= Beginning of Section =

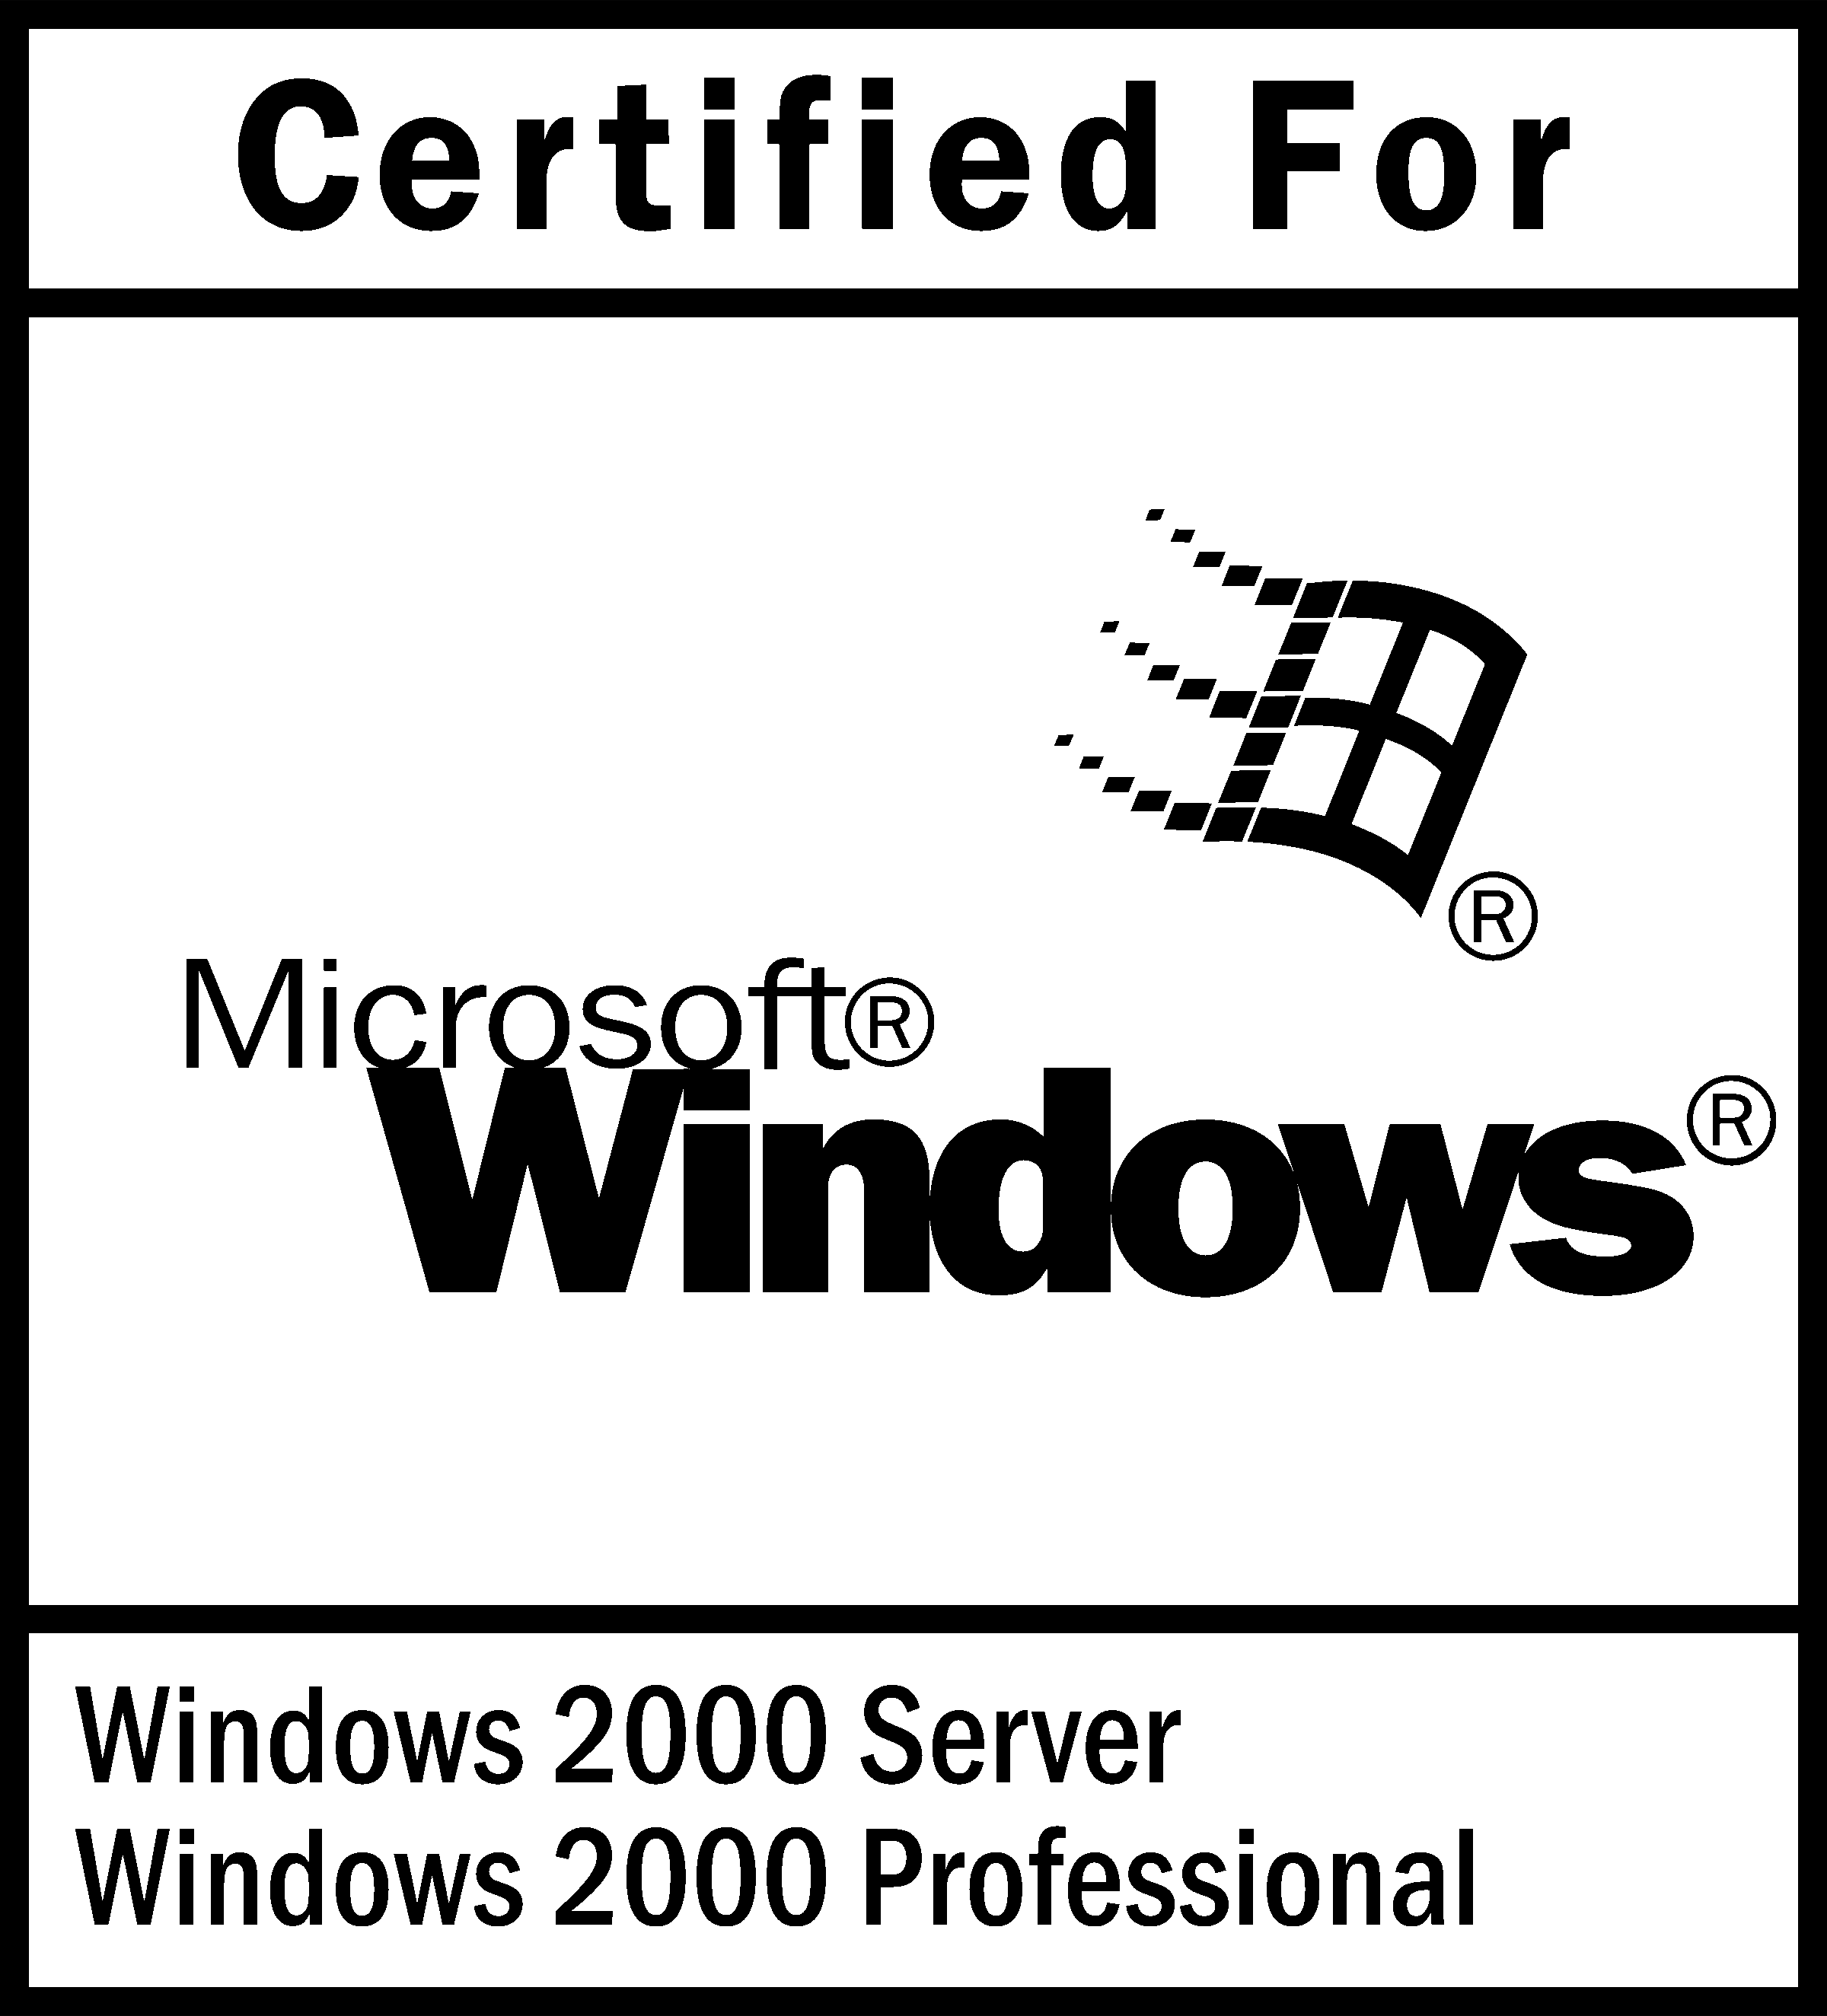 Microsoft Windows 00 Logo Logodix
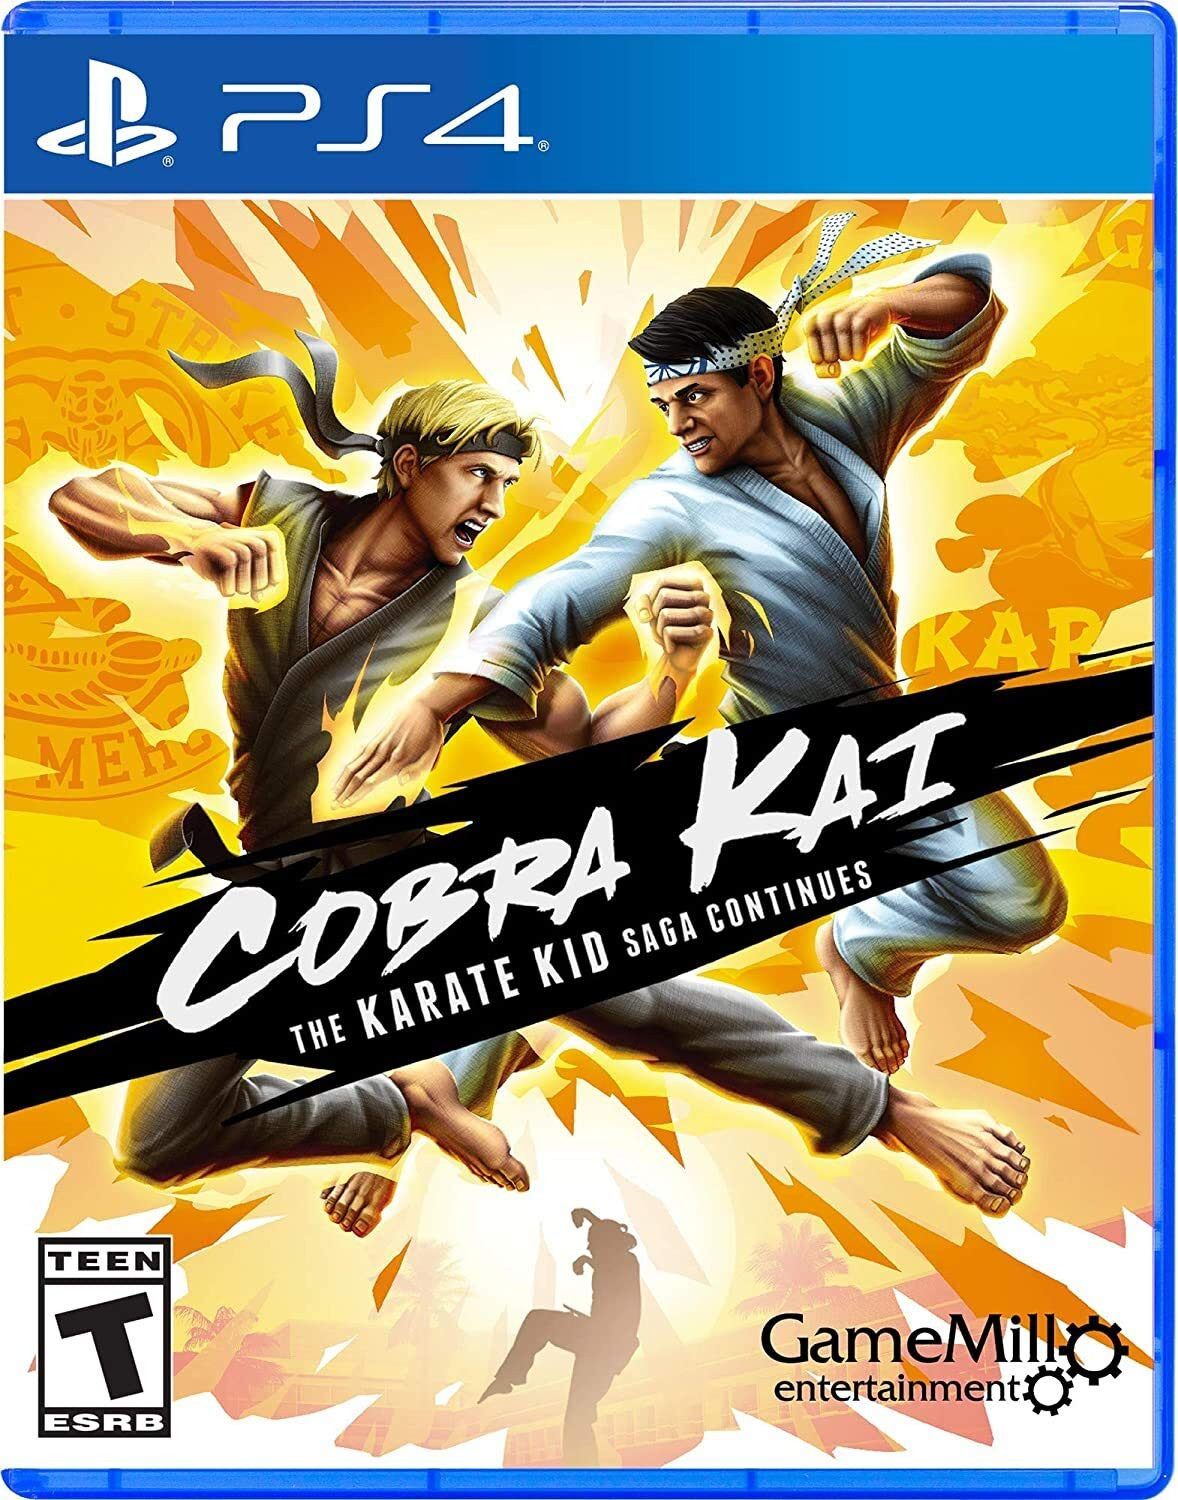 Cobra Kai the Karate Kid Saga Continues
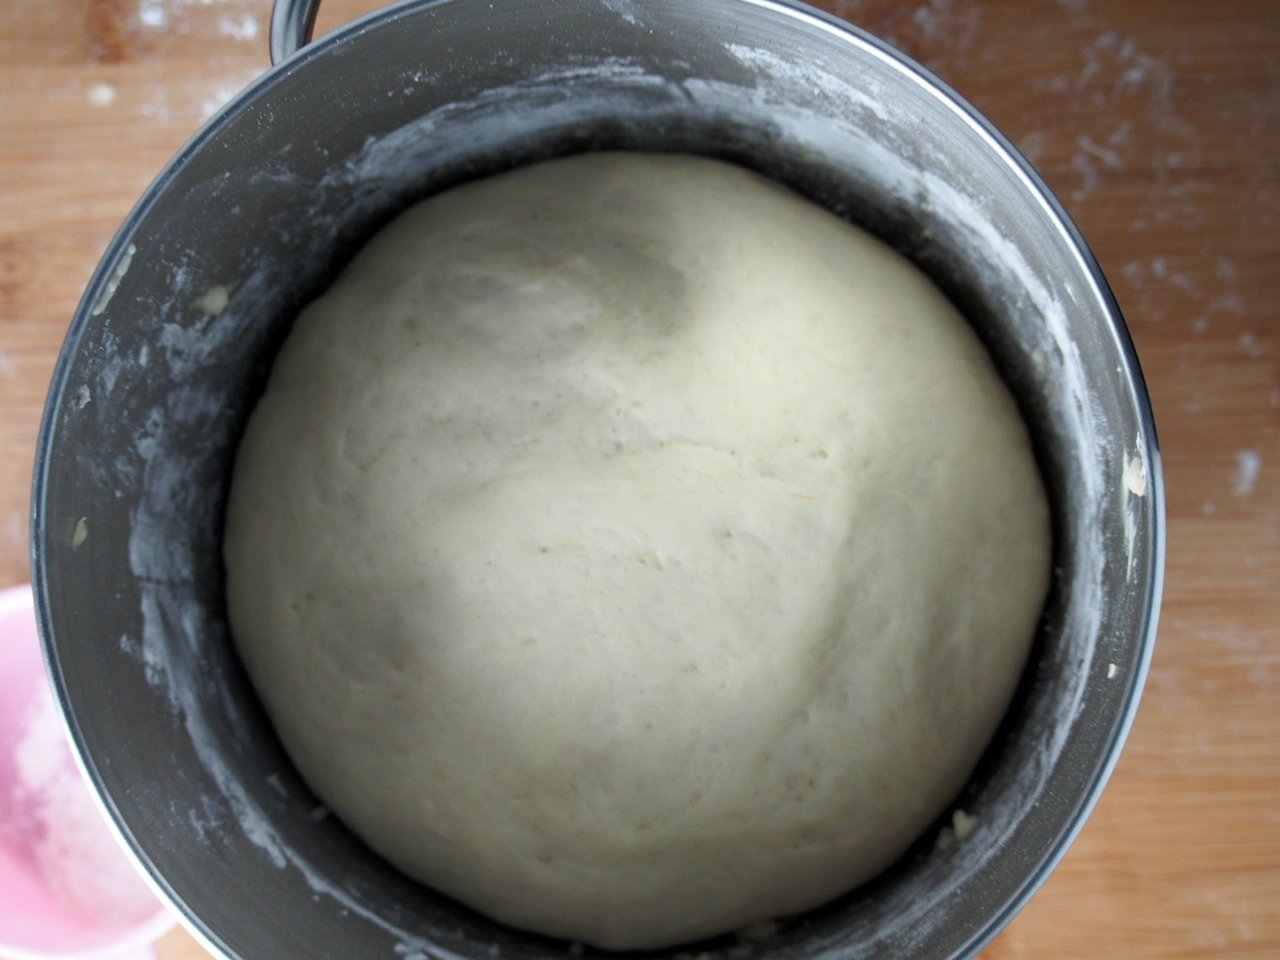 The risen dough of milk and sugar mini buns.
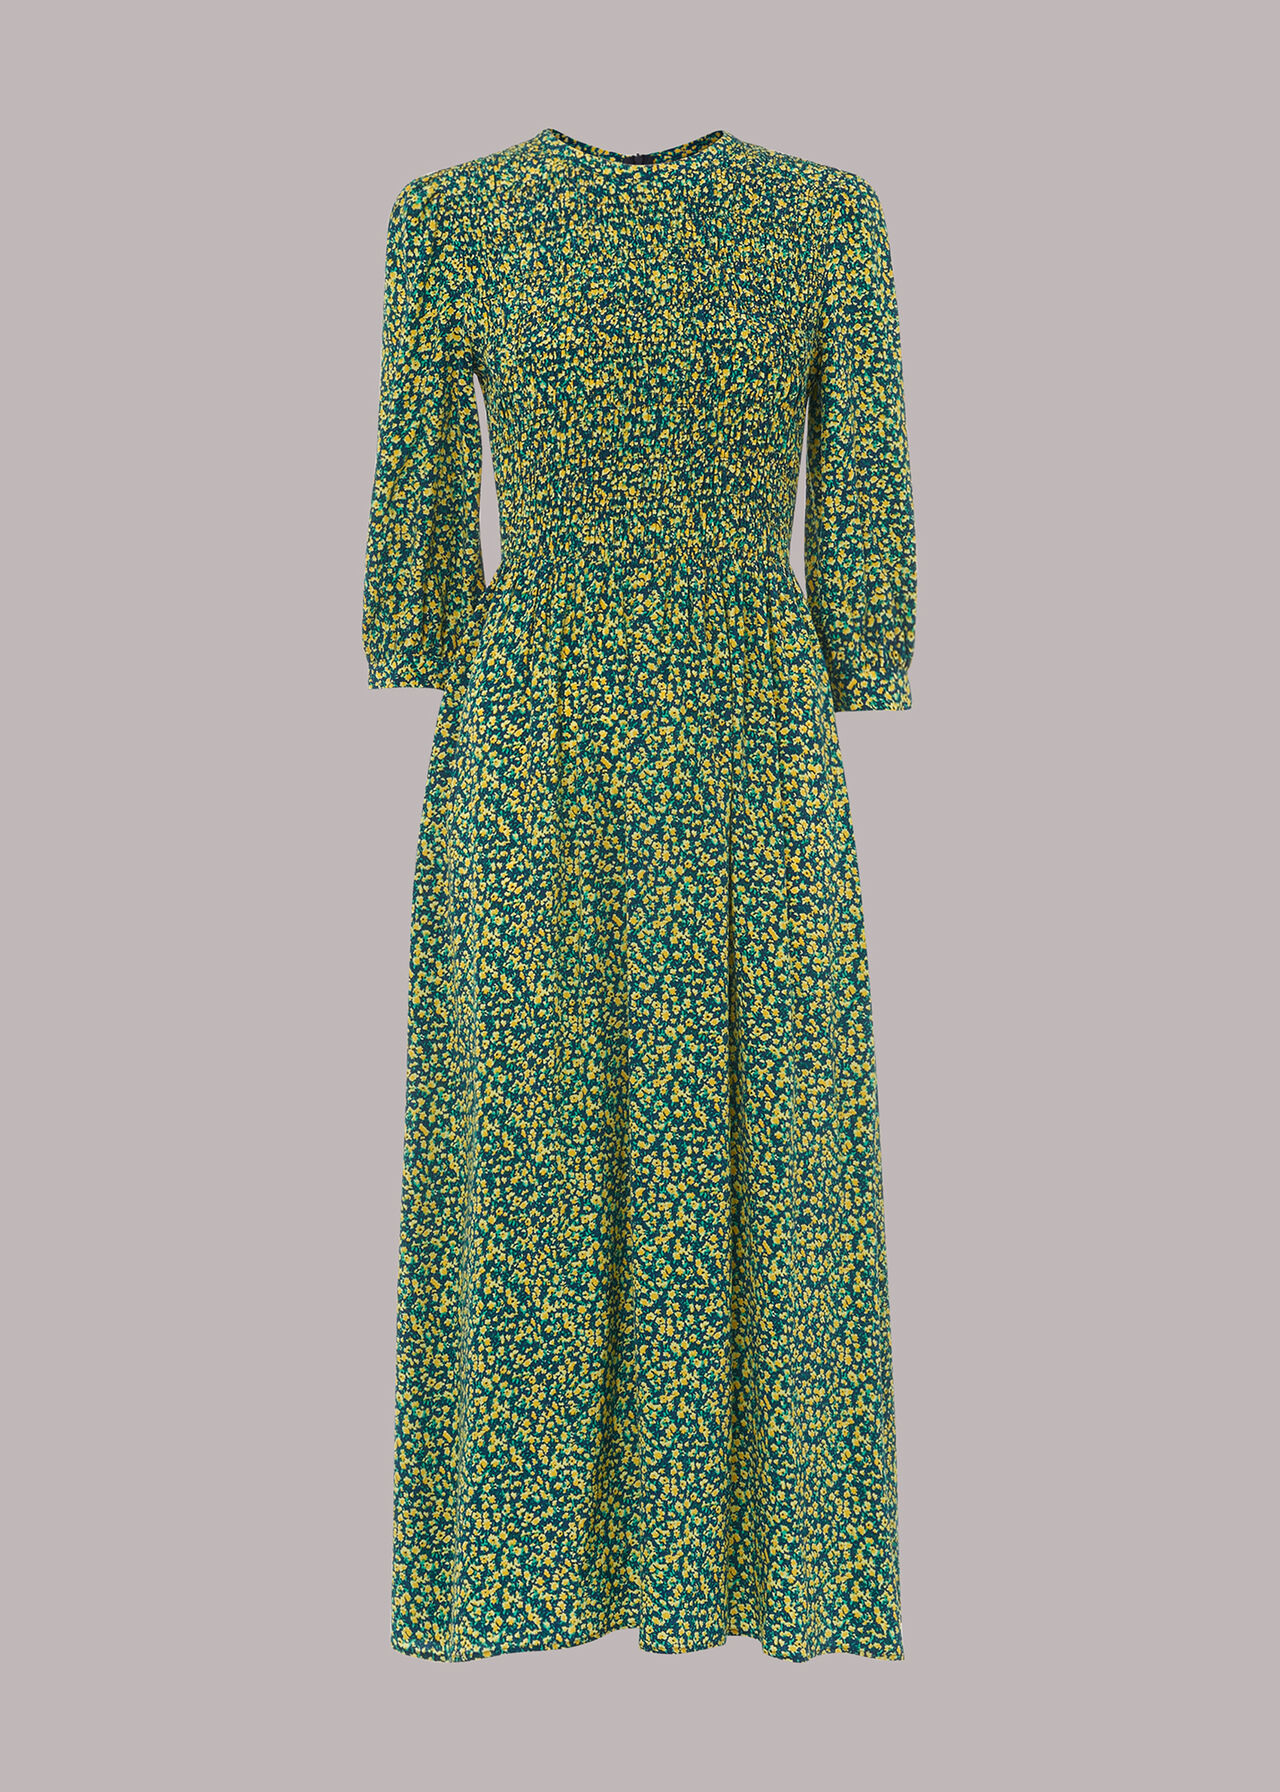 JL Ditsy Sunflower Print Dress

= End of Section =

### Exercise
Repeat word for word only the lines from the line holding "The risen dough of milk and sugar mini buns." to the final line of the material, both included. Don't carry over any picture.

### Your solution
 The risen dough of milk and sugar mini buns.
 JL Ditsy Sunflower Print Dress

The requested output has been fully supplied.